Spanish has never been a second language to me. It should be considering my upbringing and where I live. I’m good when it comes to ordering food and, most times, assisting patrons at work. But conversationally, I’m as gringo as they get. (In fact, I know a white girl who speaks better Spanish than me.) So in Spanish II, I managed to pass the first semester. I don’t know what happened that second semester, but I failed, causing to repeat it in my senior. Bear with me, I’m getting to my point.

In my second semester, I walked into my second attempt at Spanish II. I chose my seat carefully, sitting aside a pretty, green-eyed freshman girl with a unique spelling of her name. This girl, of course, was Jeanna. Now I didn’t fall in love with Jeanna off the bat. I was in a committed long distance relationship with a redhead in San Antonio, whom met through her friends here.

But that’s beside the point, because eventually, I did fall in love with Jeanna. I spent most of my post-adolescent and adult life in love with her. And we had our ups and downs. Our fights. Break-ups and make-ups. And we had Shaun, the best creation I ever had a hand in. More beautiful than any poem I’ve written or ever will write.

You see, if I hadn’t taken French my freshmen year, I would have started my Spanish lessons earlier. Thus leading me to have never meant Jeanna. And if I passed French my freshmen year, I would have taken French II my sophomore year. Whether I passed that or not isn’t important; I still wouldn’t have met Jeanna. Had I passed that second semester of Spanish II my junior year, same outcome.

Now I’m not saying things happen for a reason, because that’s balderdash and a strange way to look at the world.

I’m guess what I’m saying is this: Don’t just try to do something, do something. If you fail, that’s part of the process. Some times it might hurt; some times you find yourself in a better situation because of it.

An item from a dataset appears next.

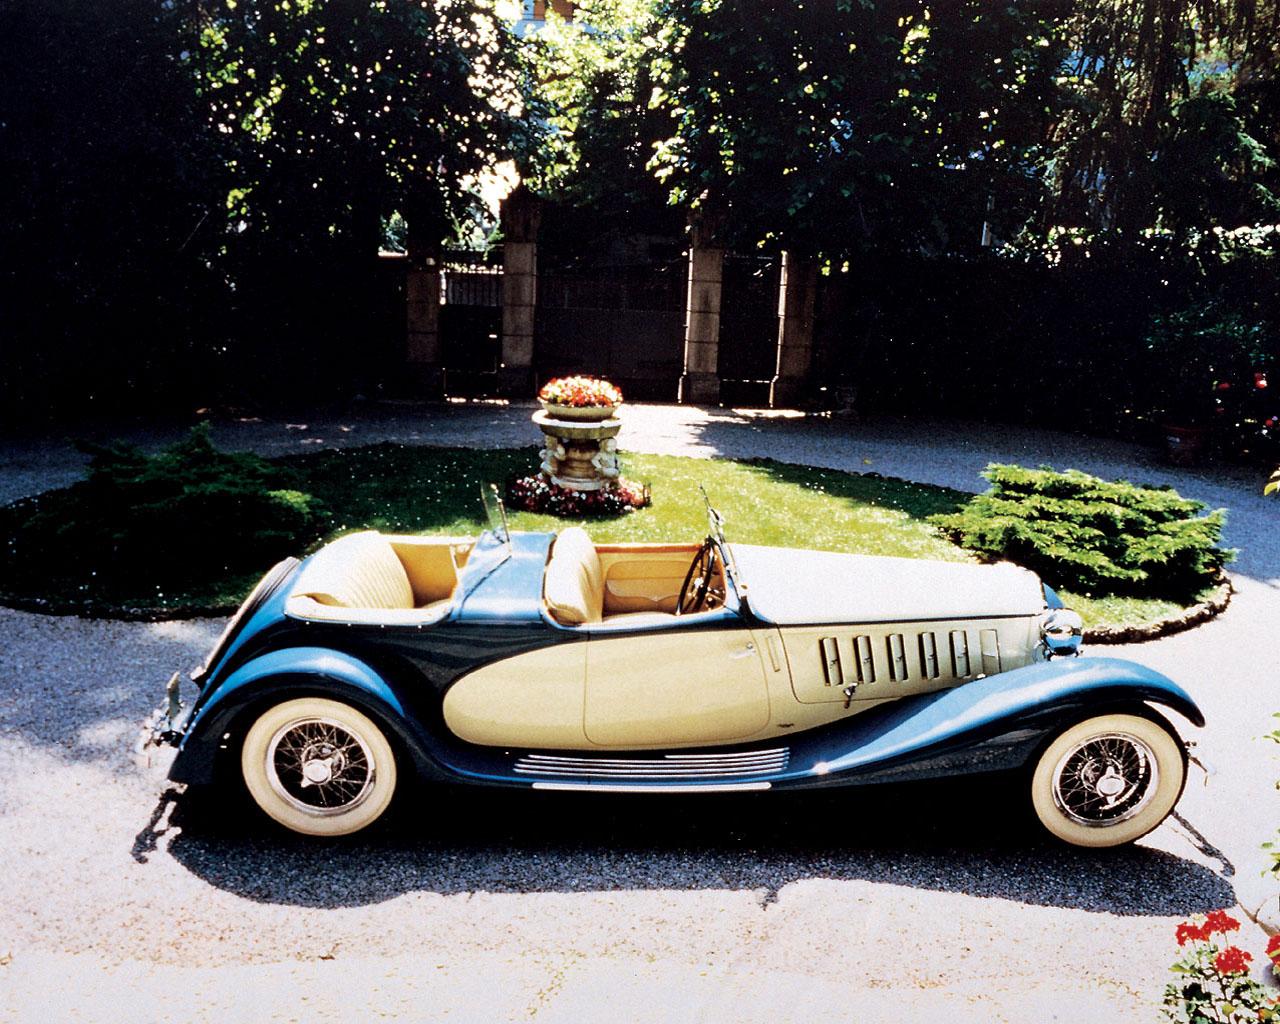 http://www.carstyling.ru/resources/studios/1933-Castagna-Lancia-Astura-Series-I-Dual-Cowl-Sport-Phaeton-02.jpg

Maybe you’re a writer trying publish for the first time, only get a rejection letter. Maybe you’re a freshmen kid wanting to learn French. Or maybe you’re sitting next to the woman you’ve grown really close, watching YouTube videos, and you get brave enough to ask if she wants more only for her to tell you she’s content on just being friends.

If there’s one message I want to impart here it’s this: It’s o.k. if you’re not o.k. right now. Failure and rejection have a way of making you feel like a lesser person. But I love my failures as much as I praise my successes. Because I wouldn’t trade all the hypothetical girls freshmen-me could’ve had speaking perfect French for what I have now. Even if what I have now is just being a single dad.

Dune author Frank Herbert once said, “There is no real ending. It’s just the place where you stop the story.” This isn’t an ending. It’s just another beginning. Another chapter to be written.